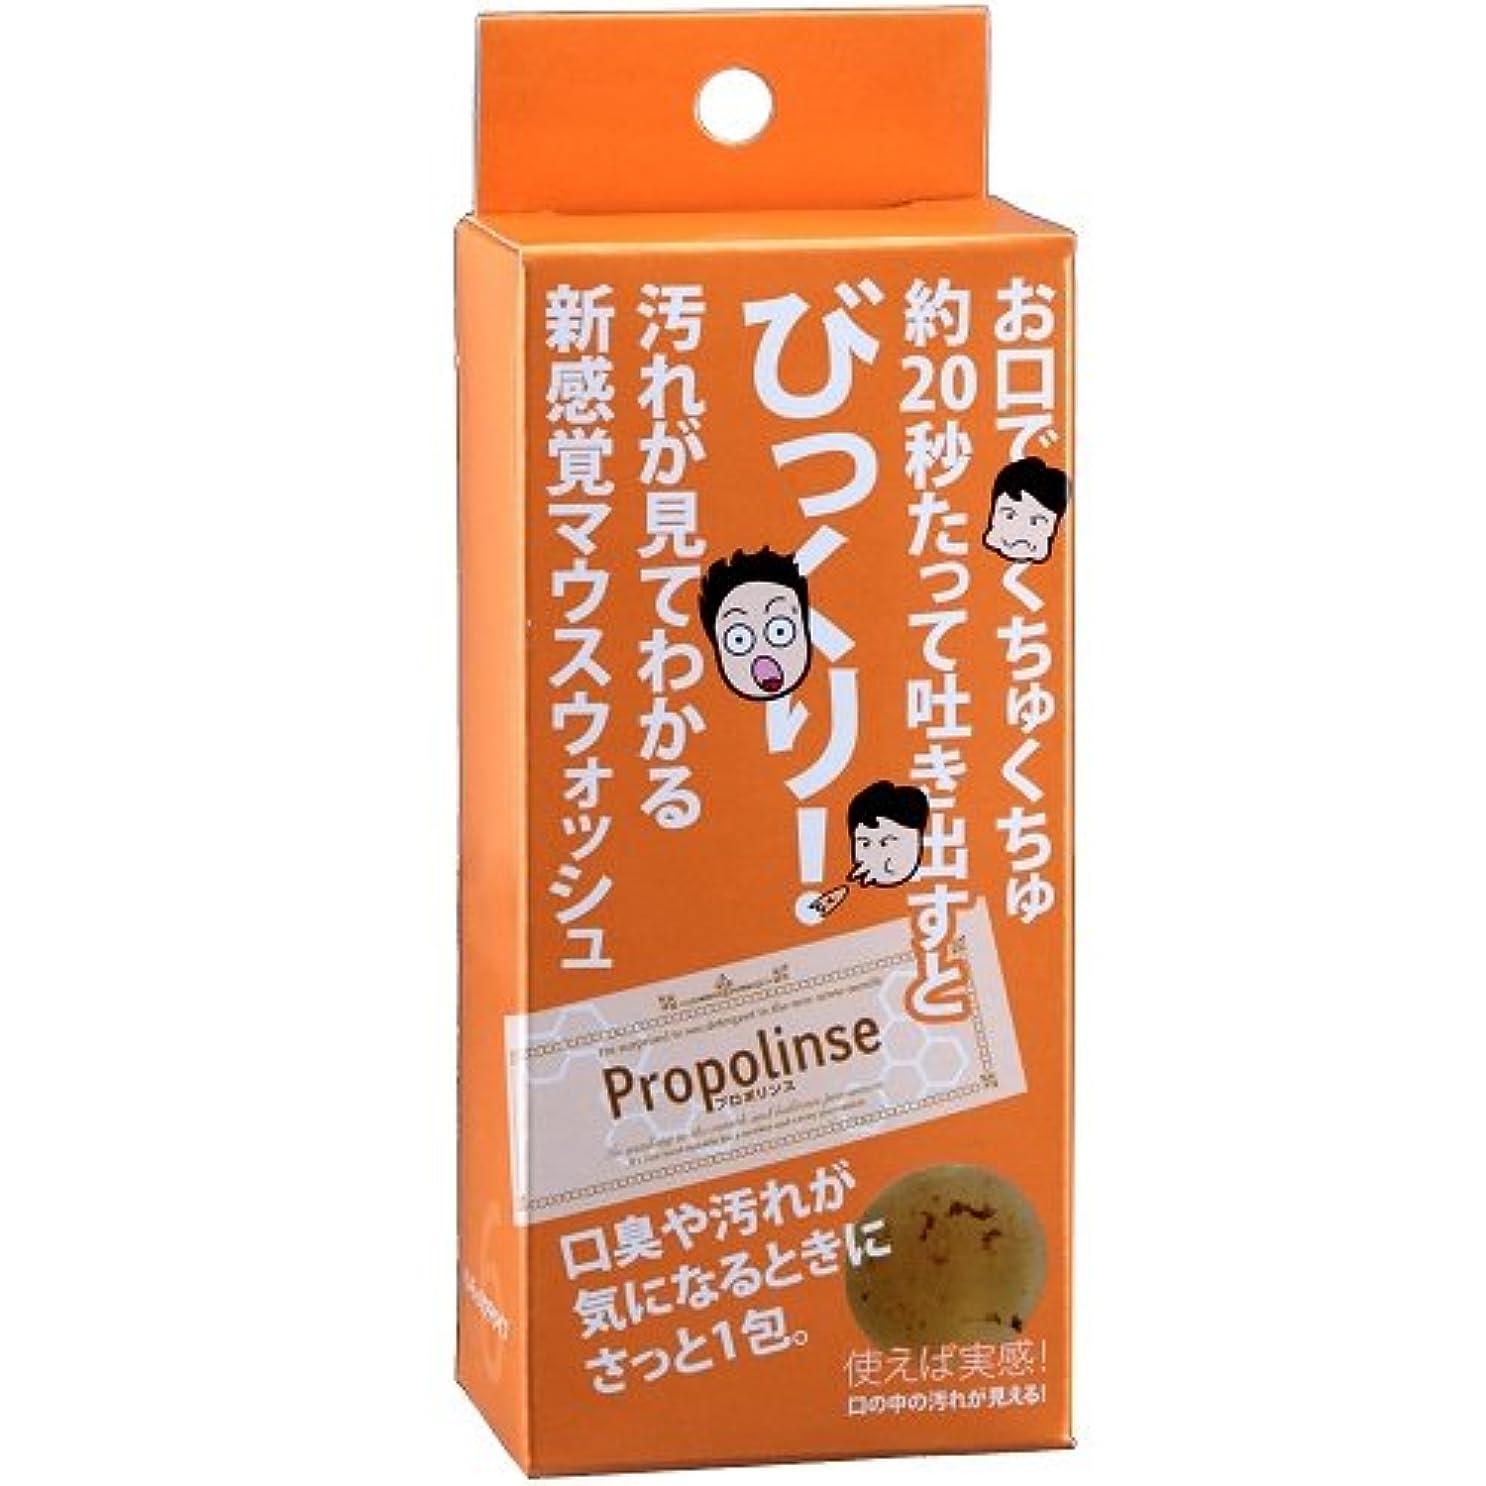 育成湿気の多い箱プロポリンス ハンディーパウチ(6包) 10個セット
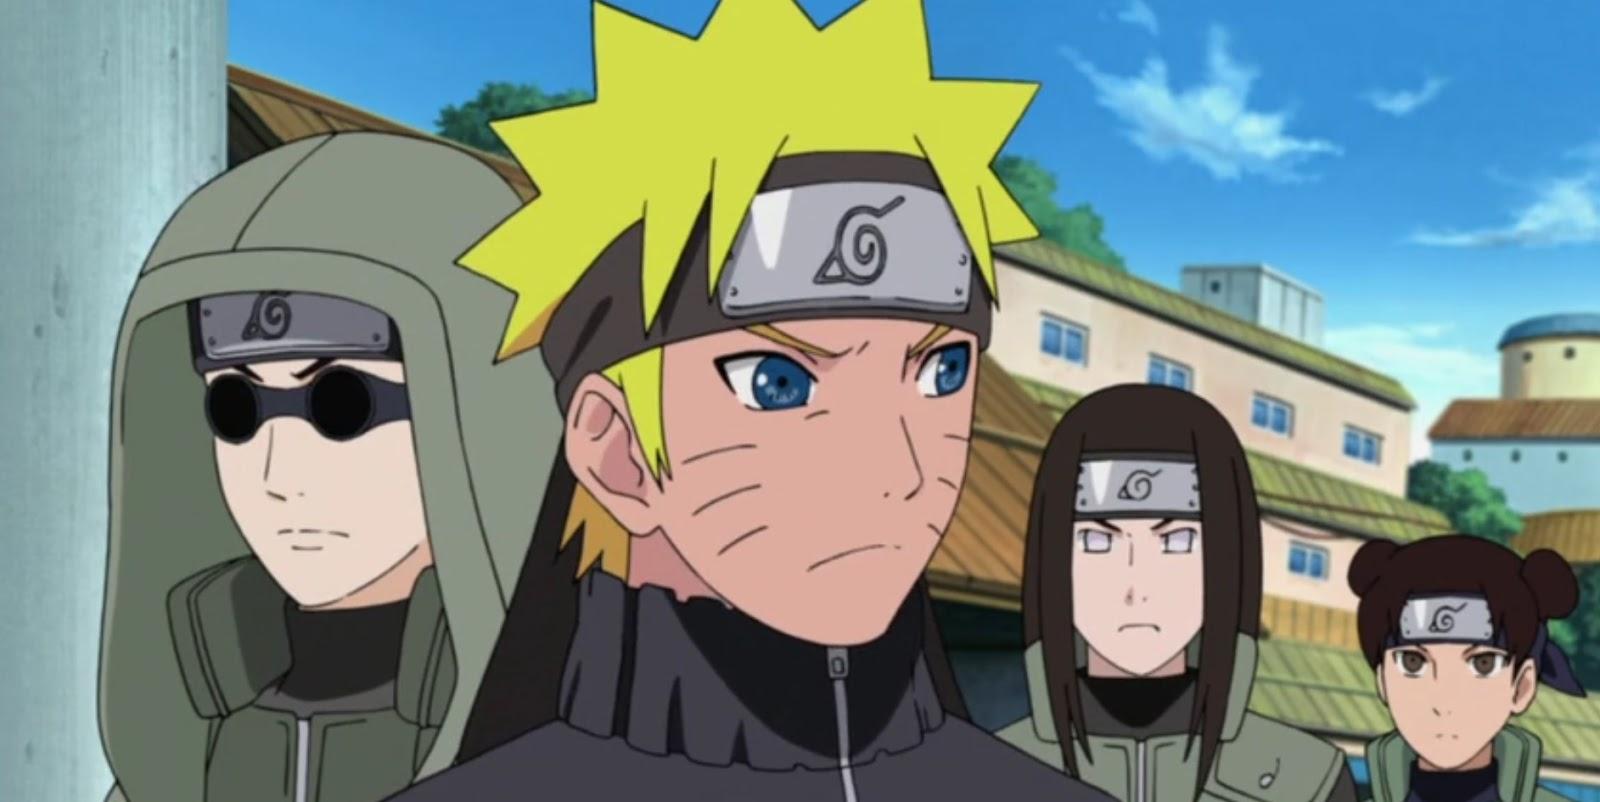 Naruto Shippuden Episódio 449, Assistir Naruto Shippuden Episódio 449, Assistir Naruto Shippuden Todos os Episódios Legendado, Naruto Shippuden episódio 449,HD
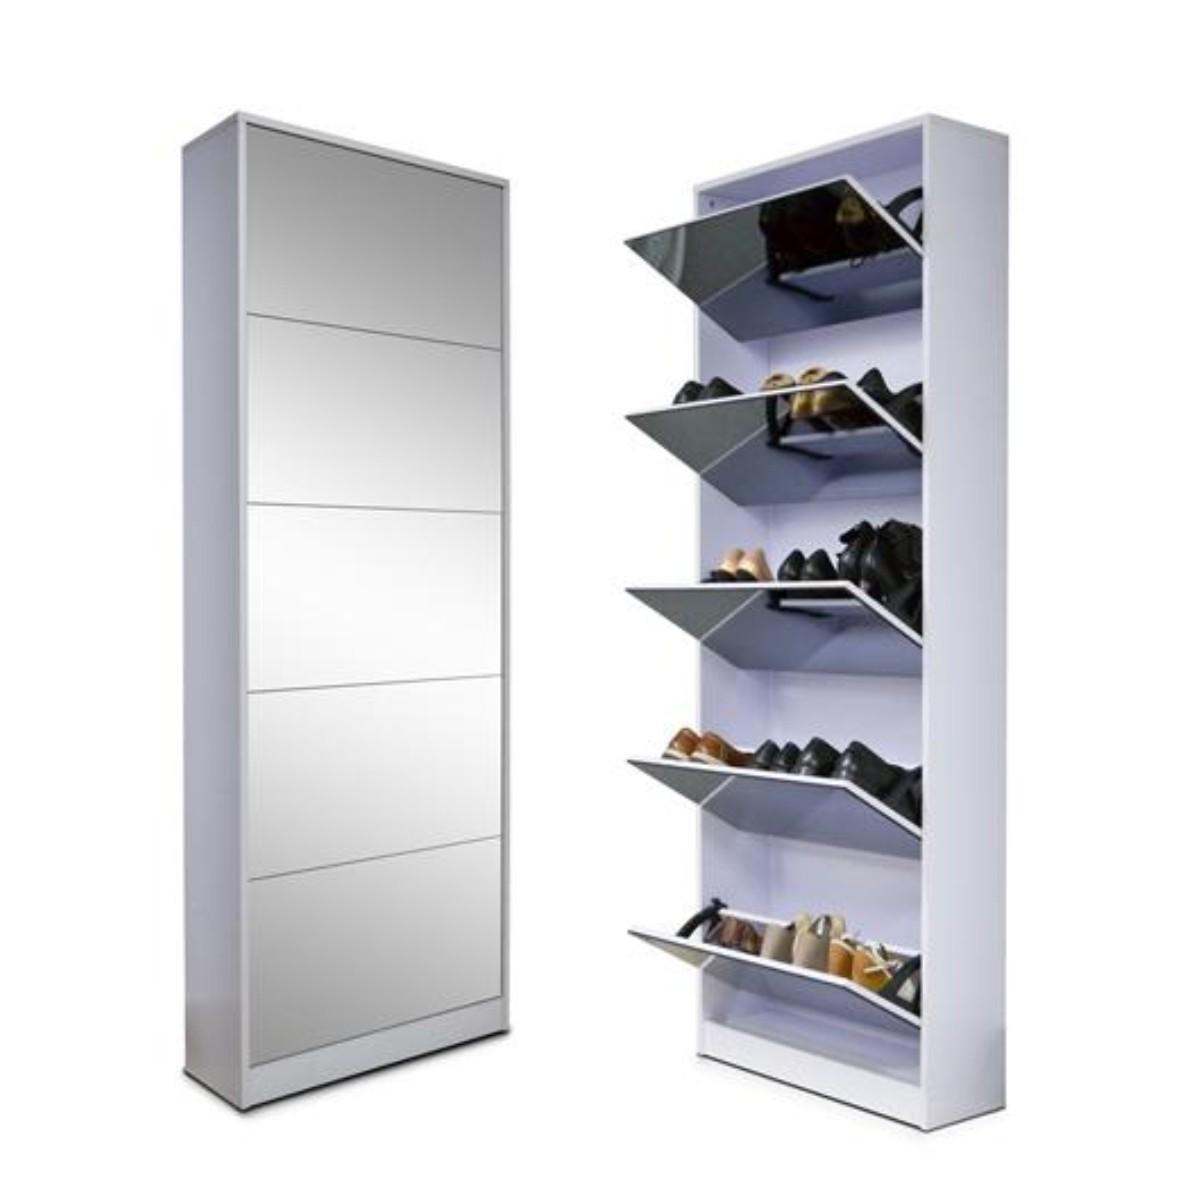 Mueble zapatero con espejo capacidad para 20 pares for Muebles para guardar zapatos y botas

□ □ □ □ □

### REQUIRED ACTION:
Reproduce the material above exactly, but only from the line with "Naruto Shippuden Episódio 449, Assistir Naruto" through its last line, leaving pictures out.

### FINISHED EXERCISE:
 Naruto Shippuden Episódio 449, Assistir Naruto Shippuden Episódio 449, Assistir Naruto Shippuden Todos os Episódios Legendado, Naruto Shippuden episódio 449,HD
 Mueble zapatero con espejo capacidad para 20 pares for Muebles para guardar zapatos y botas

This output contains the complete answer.